Im Hinblick auf die kritisierte Höhe des Mindestlohns weise ich darauf hin, dass in Deutschland die Festlegung von Löhnen und Gehältern sowie weiteren Arbeitsbedingungen in erster Linie den Arbeitgebern und Arbeitnehmern beziehungsweise - auf kollektiver Ebene - den Tarifvertragsparteien (Arbeitgeber/Arbeitgeberverbände und Gewerkschaften) obliegt. Aufgrund der verfassungsrechtlich geschützten Tarifautonomie der Tarifvertragsparteien und auch der allgemeinen Vertragsfreiheit auf einzelvertraglicher Ebene ergreift der Staat hinsichtlich der Arbeitsbedingungen grundsätzlich lediglich Maßnahmen zur Sicherung von Mindeststandards. Die Einführung des allgemeinen gesetzlichen Mindestlohns zum 1. Januar 2015 stellt eine solche Maßnahme dar. Zweck des Mindestlohngesetzes ist es, eine absolute Lohnuntergrenze und damit ein Mindestmaß an Austauschgerechtigkeit zu schaffen, nicht hingegen, einen umfassenden Schutz der Arbeitnehmerinnen und Arbeitnehmer sicherzustellen. Es sind also auch weiterhin in erster Linie die sachnahen Tarifpartner dazu aufgerufen, ein angemessenes Gehaltsgefüge zu gewährleisten.

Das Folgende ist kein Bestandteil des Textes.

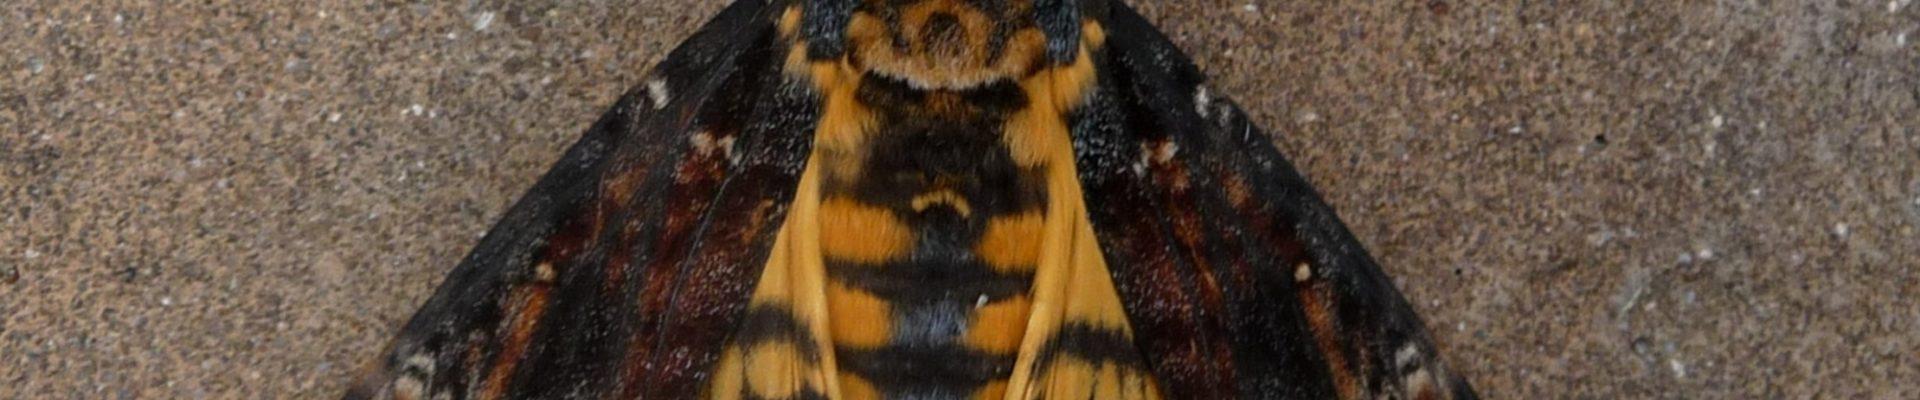 Waarnemingen van dagvlinders, macro- en micronachtvlinders

Die Höhe des Mindestlohns wird alle zwei Jahre auf Vorschlag einer unabhängigen Kommission der Tarifpartner (Mindestlohnkommission), durch Rechtsverordnung der Bundesregierung angepasst. Darüber hinaus wurde der Mindestlohn durch das Mindestlohnerhöhungsgesetz einmalig zum 1. Oktober 2022 auf brutto 12 Euro je Zeitstunde angehoben. Zusammen mit den auf Grundlage des vorhergehenden Beschlusses der Mindestlohnkommission festgesetzten Erhöhungsschritten ist der Mindestlohn allein im Jahr 2022 um 25 Prozent gestiegen. Auf Grundlage des Beschlusses der Mindestlohnkommission vom 26. Juni 2023 wurde der gesetzliche Mindestlohn zum 1. Januar 2024 erneut auf jetzt brutto 12,41 Euro je Zeitstunde erhöht . Seit der Einführung 2015 ist der Mindestlohn bis 2024 damit um 46 Prozent gestiegen.